Introducing Simple Analytics

Time for something different, let’s talk web stuff! I mentioned a while ago that I switched from Wordpress to Ghost Blog. Overall I really like Ghost Blog so far, but there is one key feature that Ghost lacks that Wordpress has: site analytics. Yes I know I can use Google Analytics or something similar, but it doesn’t give me the detailed per-page information that I prefer. So I wrote my own analytics engine.

It’s called Simple Analytics, and you can find it on GitHub repository at https://github.com/bryan-m-hughes/simple-analytics.

I call it Simple Analytics because it’s meant to be pretty no-frills, and really is just a stop-gap solution until Ghost implements its dashboard feature sometime early next year. It’s been effective so far though. Here’s a screenshot of what it looks like:

Simple Analytics Screenshot

One of the key reasons that I had for writing my own analytics server (aside from the fact that it was just fun), is that my blog server only has Node.js installed on it and I intend to keep it that way. I found plenty of PHP based solutions, but nothing written in Node.js that didn’t rely on a third party service. So that was my first requirement.

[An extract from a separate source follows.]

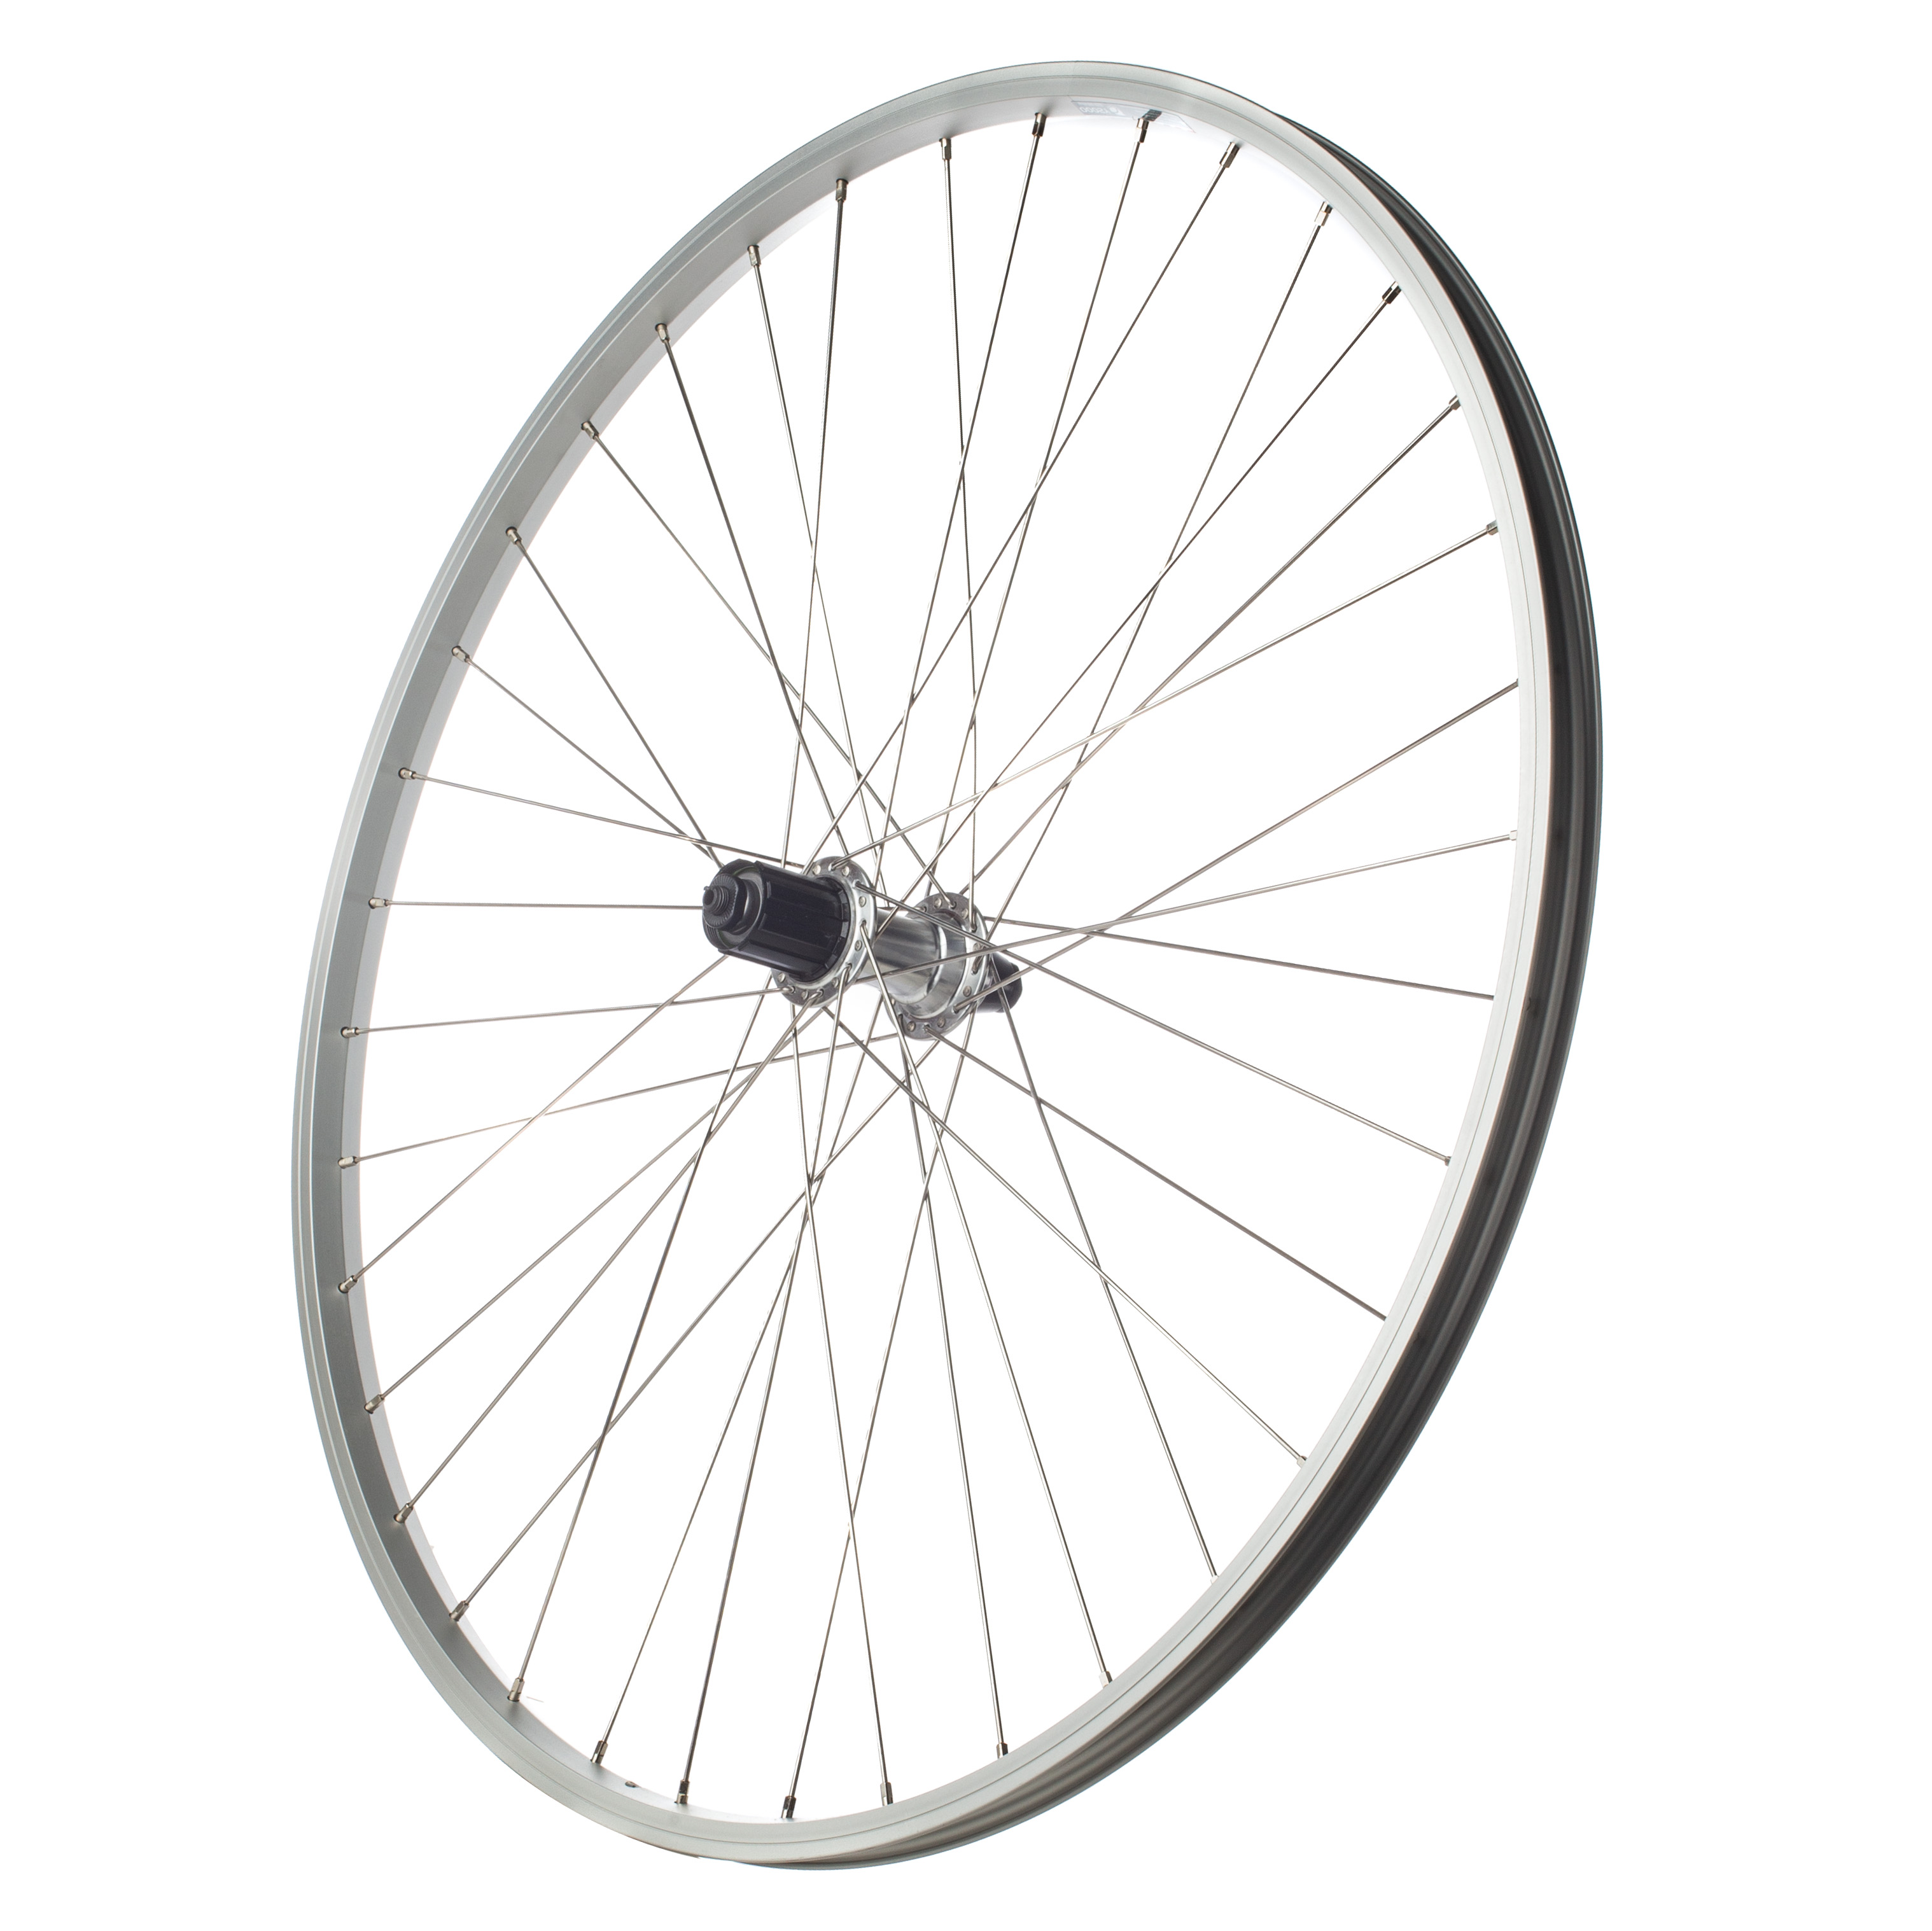 Q/R 700c REAR NARROW HYBRID Road Bike Cycle Wheel 5 SPEED FREEWHEEL

Another feature that I really liked from the Wordpress stats was that they were (more or less) real-time, unlike Google Analytics, so that was my second requirement.

My third requirement was that I wanted to make sure that only I could access my stats, which means I needed an authentication mechanism.

So with my requirements in place, I set out to write the analytics service. Since I’m the only one accessing the site analytics, that means there was no need to make sure that serving the analytics data didn’t need to be optimized, only storing data from page visits. As a result, the architecture sacrifices the performance of serving analytics data to make saving analytics data faster.

I know my traffic levels pretty well, and I also know that the Digital Ocean droplet hosting my blog has an SSD in it, meaning I get pretty good disk write performance. These things together means that I have no need for any sort of high-performance database storage, so I opted to just store everything in JSON files to keep things simple.

This approach does mean it won’t scale to needs beyond my own very easily, but I architected everything pretty carefully to avoid race conditions, resource contention etc so that it’s at least stable. Honestly Node.js makes this really easy given it’s single-threaded nature.

When someone visits my blog, their browser sends an XHR request back to my analytics server, which is running on the same Digital Ocean droplet as this blog itself. This small packet contains the page that was viewed, calculated on the client. The server stores the page, along with the server’s wall-time, into an in-memory data structure (just an object literal in JavaScript parlance).

Every time this in-memory object is modified, it serializes the data to a JSON file. The serialization mechanism is asynchronous for performance reasons. Since it’s asynchronous, I added a lock around it to make sure I didn’t write to the file while I was writing to the file. The file is treated as a back-up of in-memory contents, and so is only read on server start-up. As a result, this means it’s OK if it is temporarily out of sync with memory. There is a chance for data loss if the server crashes (this is where a proper database would help since file writing isn't atomic in Node.js), but it’s a risk I’m willing to take since this data isn’t mission critical. Plus, that’s what server backups are for!

Authentication is a home-grown mechanism. I could have used a third party module, but to be honest I kinda wanted to write my own to see what it’s like! To keep it simple and severely lessen the chance of a security breach, Simple Analytics supports only a single user, and that user is created off-line before the server is started for the first time. The username and password are salted and hashed with pbkdf2 using Node.js’ crypto module. When a user logs in, an access token is created and stored in a cookie in the user’s browser so that I don’t have to continually re-log in. I kept this code as simple and straightforward as possible to reduce the surface area for bugs and security holes. I actually spent the most time on this part of the project, even though it’s a relatively small part of the codebase.

Finally, there is the actual webpage itself. It’s served as a completely static page, so there is no Backbone, Angular, or Ember. I created a mustache template that the server fills in with data at request time. All analytics data is calculated at request time instead of caching to keep the code simple. Since I’m the only one requesting data, and I only do it a few times a day, request performance isn’t important. The graph at the top of the page is handled using Chart.js.

So that’s Simple Analytics. It took me about two weeks to write, and honestly was a lot of fun! I have plans to optimize the write performance of the server, but other than that I don’t really plan on doing much else to it. It has already handled a day where a blog post was retweeted by Ashe Dryden, which caused a (greatly appreciated) surge in traffic. Simple Analytics had no problems handling the surge, and I haven’t really had any interface annoyances that compel me to change anything.

If you want to check it out yourself, installation instructions are in the README on Gitlab.